Joe Biden is calling on Congress to make it easier for regulators to punish executives at bankrupt banks, including by recouping profits from stock sales and banning disgraced bosses from working in the industry.
The US president said he is “determined to hold accountable to those responsible for this mess,” in a statement released Friday, just a week after the collapse of California-based lender Silicon Valley Bank.
“No one is above the law – and strengthening accountability is an important deterrent to preventing mismanagement in the future,” he added.
The White House has asked Congress to expand the powers of the Federal Deposit Insurance Corporation, a U.S. banking regulator, to recover fees, including profits from the sale of stock by executives at bankrupt regional banks such as SVB and Signature Bank, a New York-based lender that collapsed over the weekend. Current law only allows the FDIC to recover income from executives at larger banks. Greg Becker, the former CEO of SVB, sold $3.6 million worth of shares of the bank on Feb. 27 under a previously agreed trading plan, less than two weeks before SVB failed.

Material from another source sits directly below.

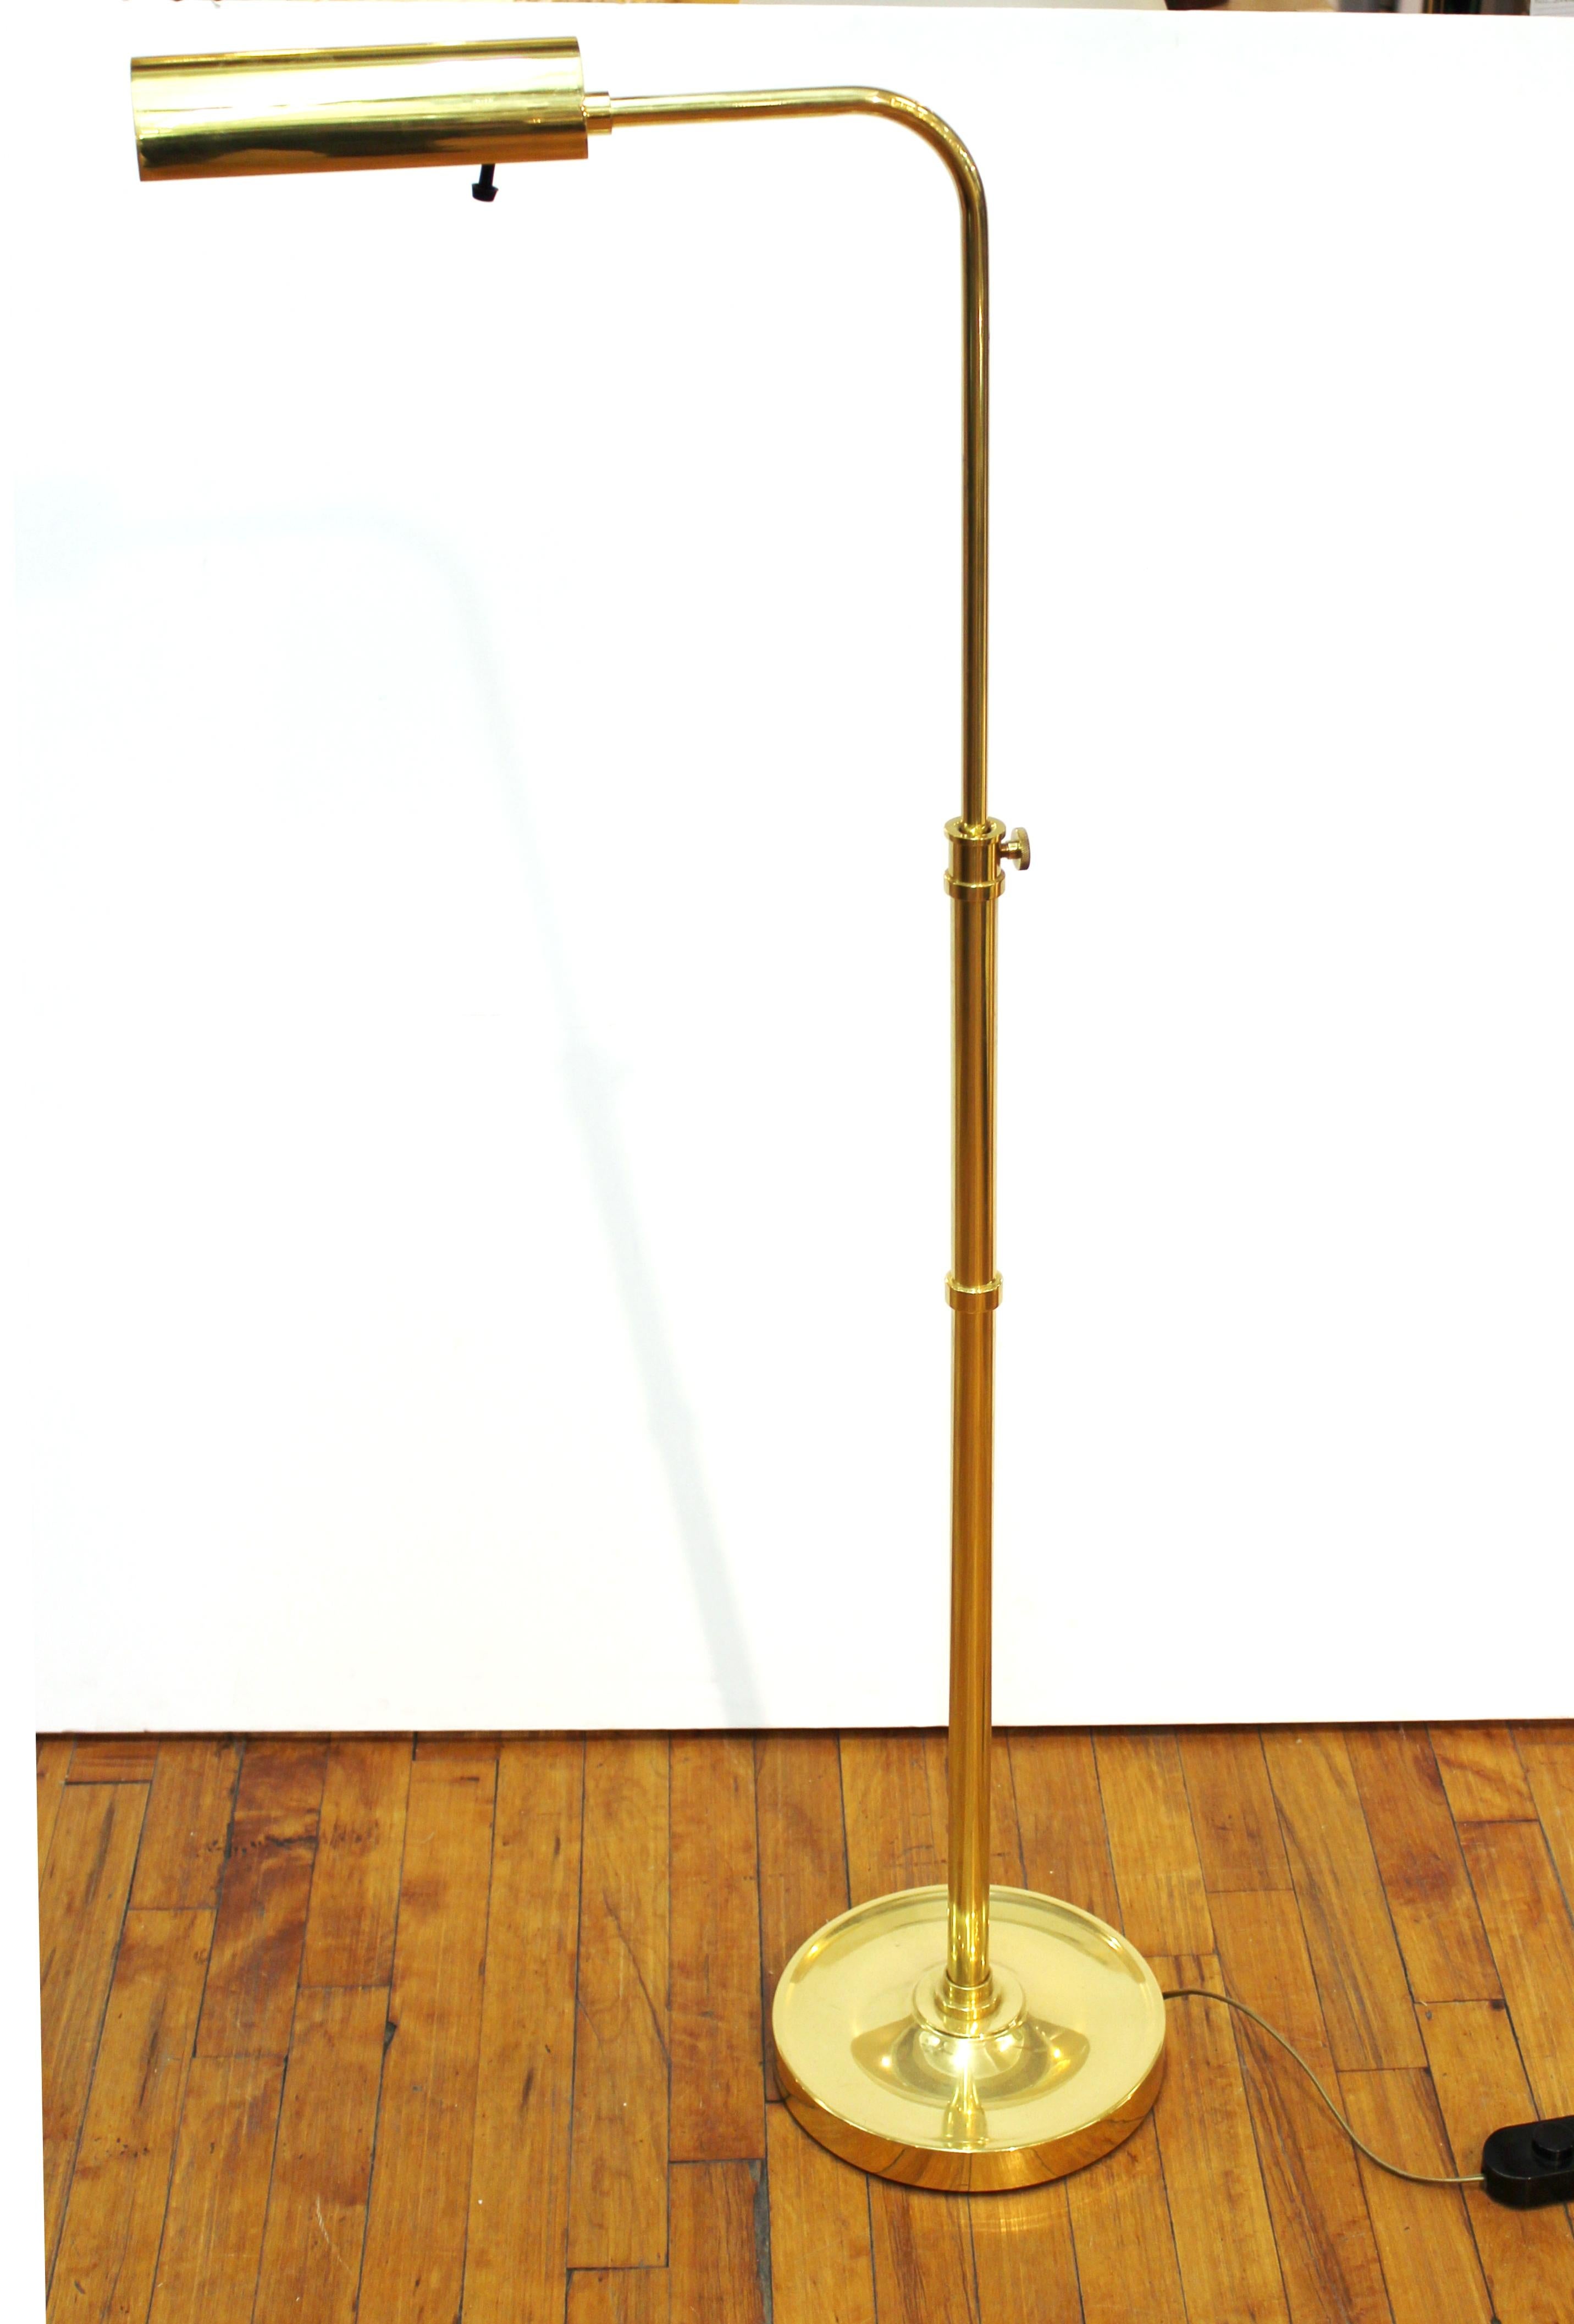 Modern brass floor lamp or reading lamp with extendable height.
Removed from a private residence at the Pierre Hotel in New York City.

The government also wants to expand the FDIC’s authority to ban bosses of failed banks from holding jobs with other lenders. Currently, the FDIC may only prohibit disgraced executives from holding similar jobs if they are guilty of “intentional or persistent disregard for the safety and soundness” of their bank. But the White House said Congress should “lower the legal standard” that applies to all lenders in receivership.
“The president believes that if you’re responsible for the failure of one bank, you shouldn’t just turn around and run another,” the White House said in a memo.
The administration has also said Congress should make it easier for the FDIC to impose fines on bankrupt bank executives.
Sherrod Brown, the Democratic senator from Ohio who chairs the powerful Senate banking committee, welcomed Biden’s statement, saying, “We need tougher rules to curb risky behavior and catch incompetence.”
Lawmakers disagree on how to respond to the collapse of SVB and Signature. Progressive Democrats have called for the reversal of a 2018 law signed by then-President Donald Trump that watered down the 2010 Dodd-Frank financial regulation reform. But several senior Democrats have been hesitant to sign up, while most Republicans have rejected the idea of new rules.
At the same time, many Republicans have blamed Biden and the Democrats for the latest bank failures, trying to link the government’s fiscal policies to the rising interest rates blamed on the banks’ insolvency.
There are some signs that legislators from both sides may agree on punishing the directors of failed banks. Richard Blumenthal, the Democratic senator from Connecticut, has introduced legislation that would allow regulators to reclaim bonuses and profits from stock sales within 60 days of a bank’s bankruptcy.
Republican Senators Josh Hawley and Mike Braun also introduced a bill that would allow the FDIC to reclaim bonuses paid to executives of bankrupt banks.
“This is an excellent first step and this is all long overdue,” Dennis Kelleher of the consumer group Better Markets said of Biden’s statement. “Anything that punishes executives for reckless behavior and misconduct is welcome.”
Not getting money back “is like taking a bank robber’s getaway car, but not the money he stole,” Kelleher added.